Little to say on the mid-range. This is where we find the intrinsic superiority of directly-heated triodes. I've never heard a triode with a bad mid-range. In this case, indeed, the mid-range is also lucid, fluid and warm, without any roughness. Both male and female voices sound very natural. In fact it is with male voices, which in my opinion are harder to reproduce, the AQ-1007 gives of its best, particularly with the darker nuances.

The musical stage is rigorous and without excess. The instruments are correctly spaced out and clearly in focus. No drum kits four meters wide or eight foot singers. Everything is in its proper place, which is a quality not to be sneezed at! Great depth in the centre and closing sides in a semi-circle around the listener.

A slight drop in performance can be noticed when playing at very high volume. First, something is lost in the harmonics of acoustic instruments and then in the sharpness of focus around the performers.


In the "all-vinyl" test of this amp I used the splendid "Jazz" by Ry Cooder, a recording all based on acoustic instruments, and a great Decca FFRR of exceptional recording quality, Eugenio Lima - "Fado Portoghese," just guitar, bass and accordion. The roundness of the acoustic instruments was reproduced without uncertainty or shadowy areas, with exemplary correctness.
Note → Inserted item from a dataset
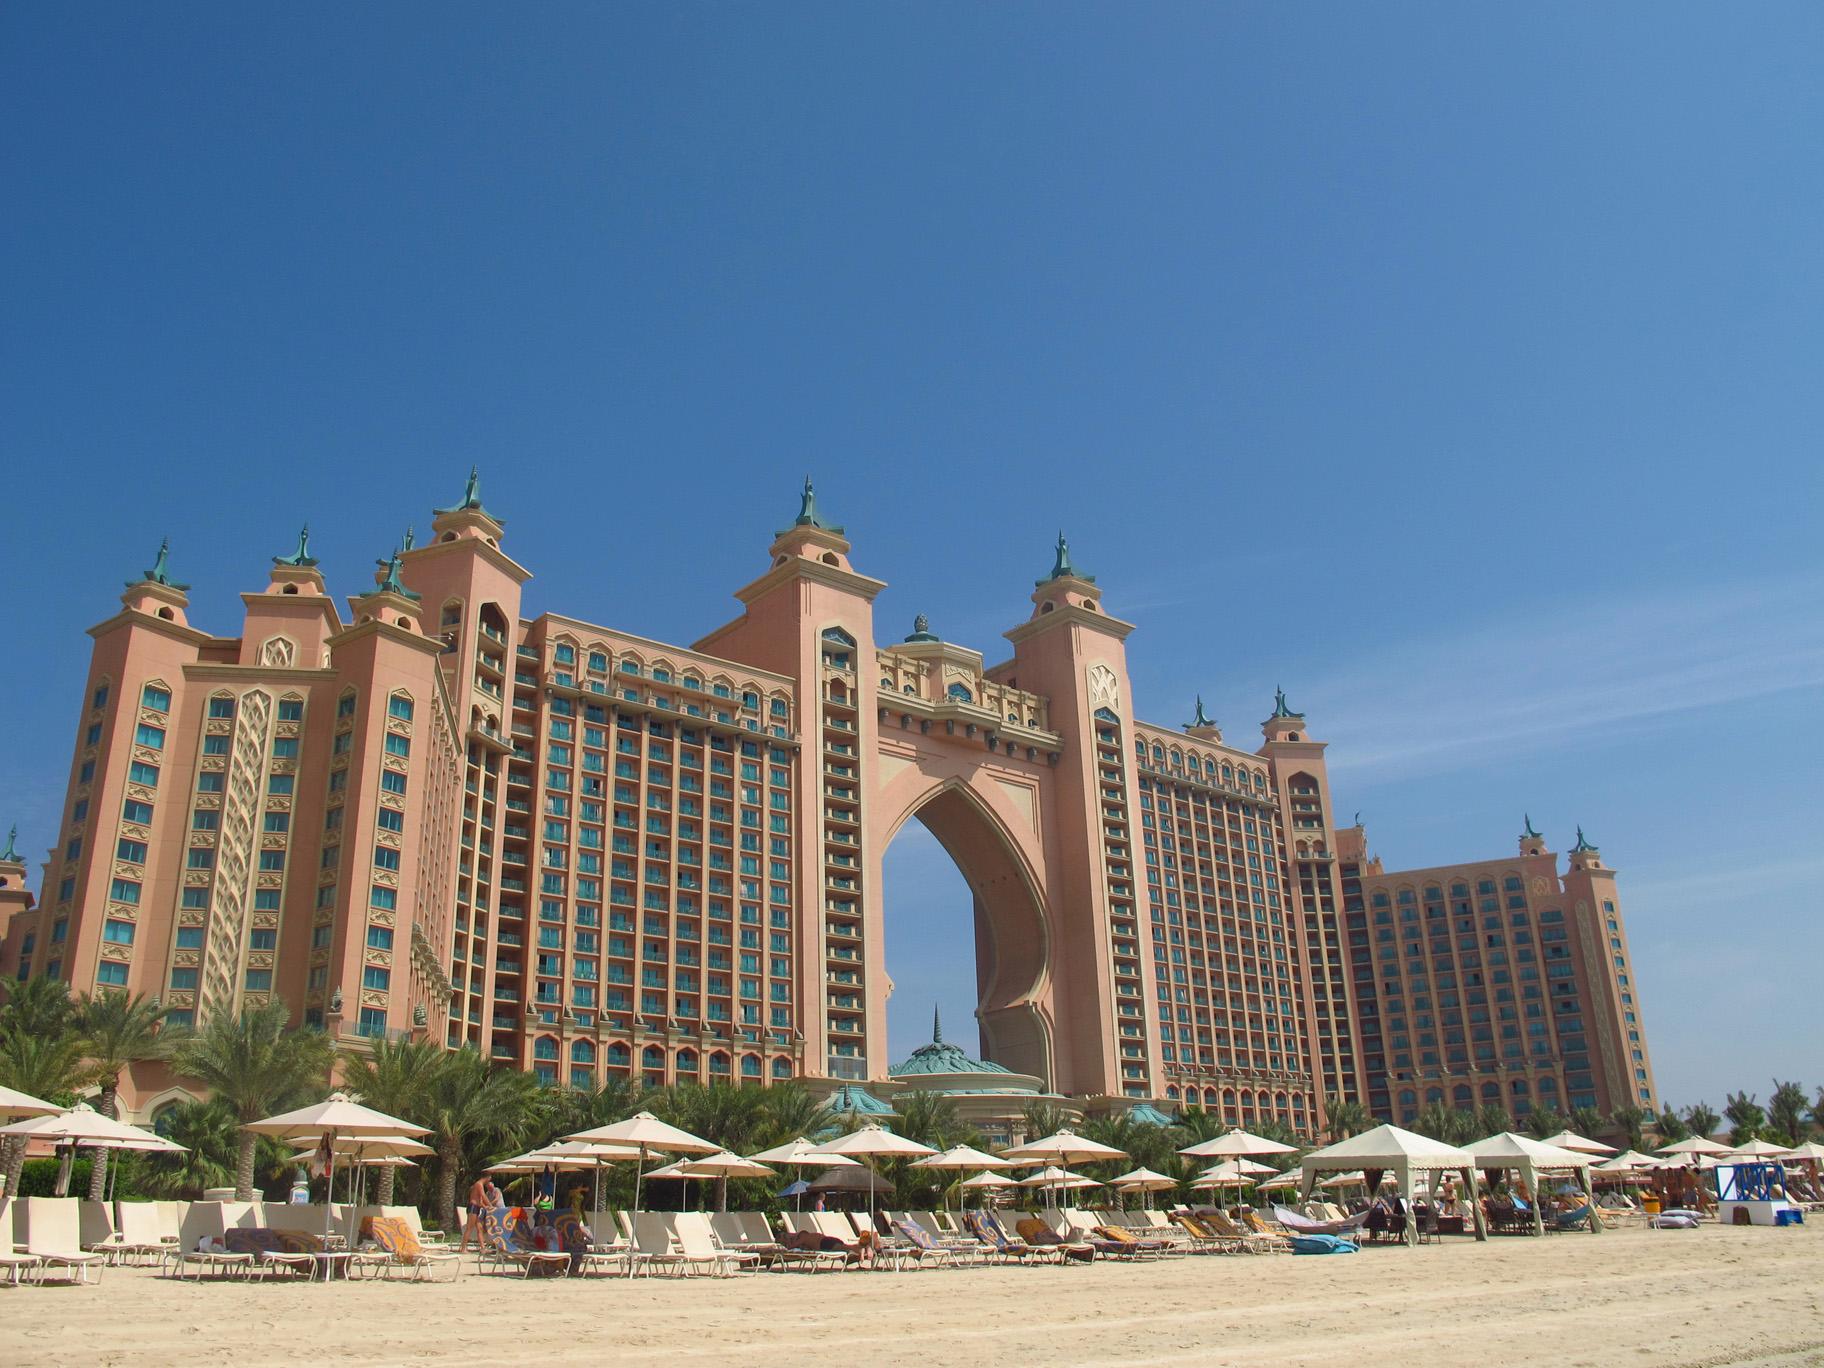 Complexe de loisirs Atlantis - Dubaï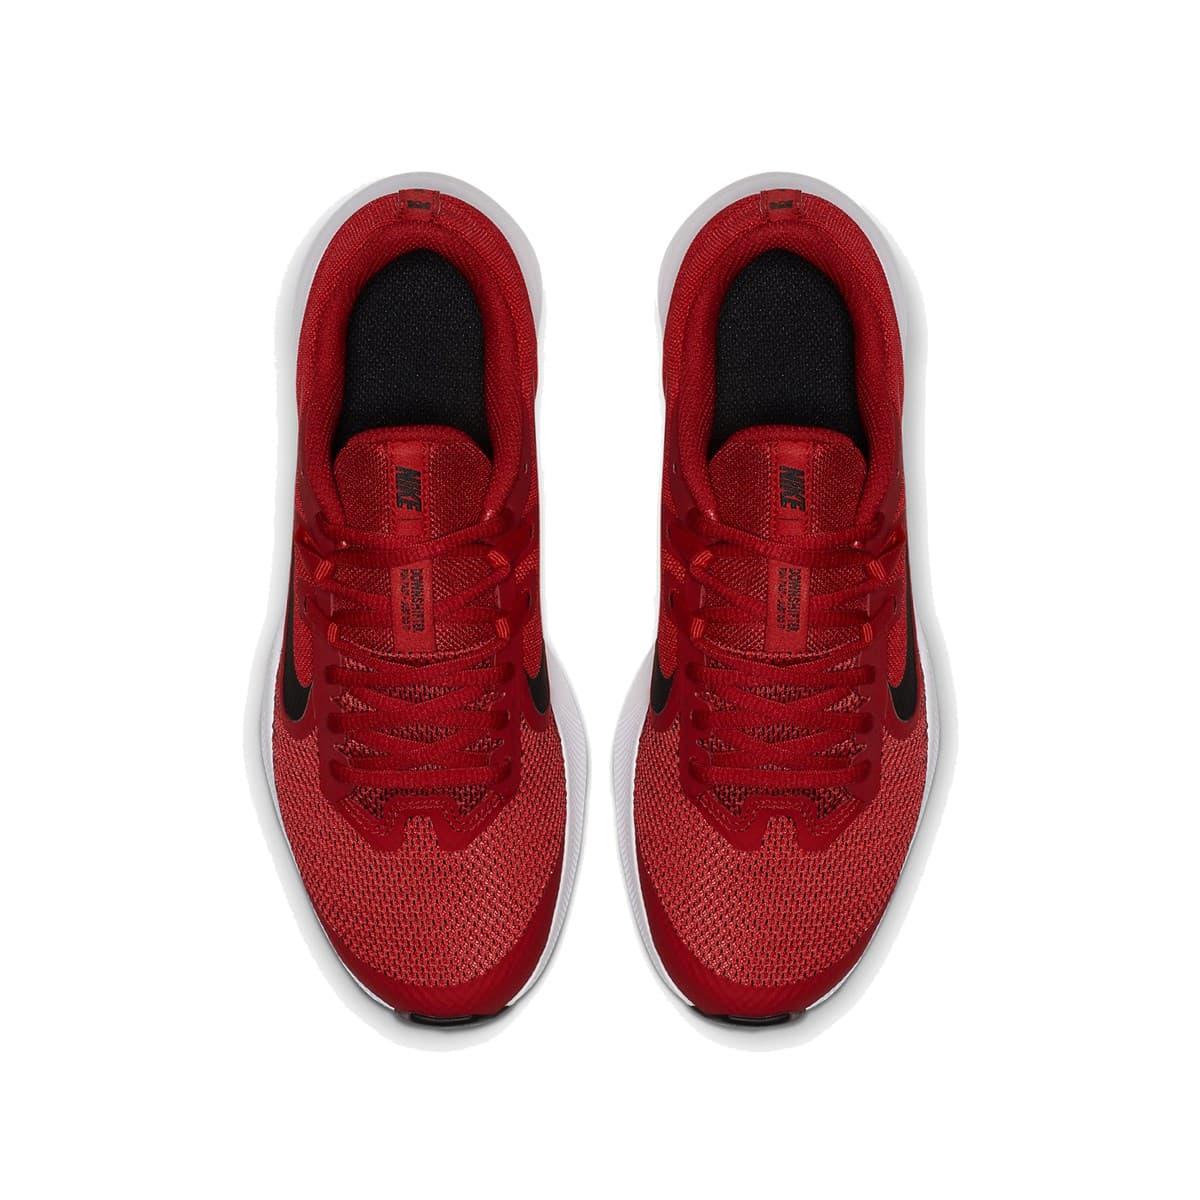 Downshifter 9 Kadın Kırmızı Koşu Ayakkabısı

Then the inevitable "Time Out" by Dave Brubeck, which I always use to test transients and space reproduction, Ricky Lee Jones' album of the same title for the nuances of a female voice which is both harsh and sweet, and the explosive bluegrass of Seldom Scene's "Act 3."

Lastly, I used "Crueza de Ma" by De Andrč, with its environmental sounds and atmospheres, instruments of all kinds and the laudably reproduced voice of De Andrč himself.

I also tried a CD, "Score" by The Fugees, well recorded rap with good voices deep bass and studio sounds.




Possibly using it with a valve pre-amp. Choosing one of the same brand would be a safeguard against possible incompatibility. I'm not saying it does not work well with a solid state pre, on the contrary. But a good match would have to come after careful listening tests.

Bear in mind the need for adequate cooling. The AQ-1007 produces a good amount of heat and needs at least 40cm of space above.

Use a special mains cable, and when you've found the right one by-pass the IEC socket and solder it directly to the terminals inside.

Place it on cones on a solid base. The standard feet are a bit weedy, and I obtained some improvement with the Michell Tenderfeet.


[AQ 1007 schematic diagram]

Many of those who buy it will find it hard to resist, particularly since the wiring diagram comes with the amp. The use of top quality valves and paper/oil condensers along the signal path could bring substantial improvements.

Do not ignore the mains cable using the TNT-TTS cable I already noticed a difference. When you find the right one, solder it directly inside. A good mains conditioner could also do wonders.


A test passed with flying colours, a machine that makes you re-discover the pleasure of listening to music rather than the system. To improve on it, one would have to move up into a really high price bracket.

For equivalent value for money, as far as I know the only alternatives in this kind of amp are DIY construction or the second hand market.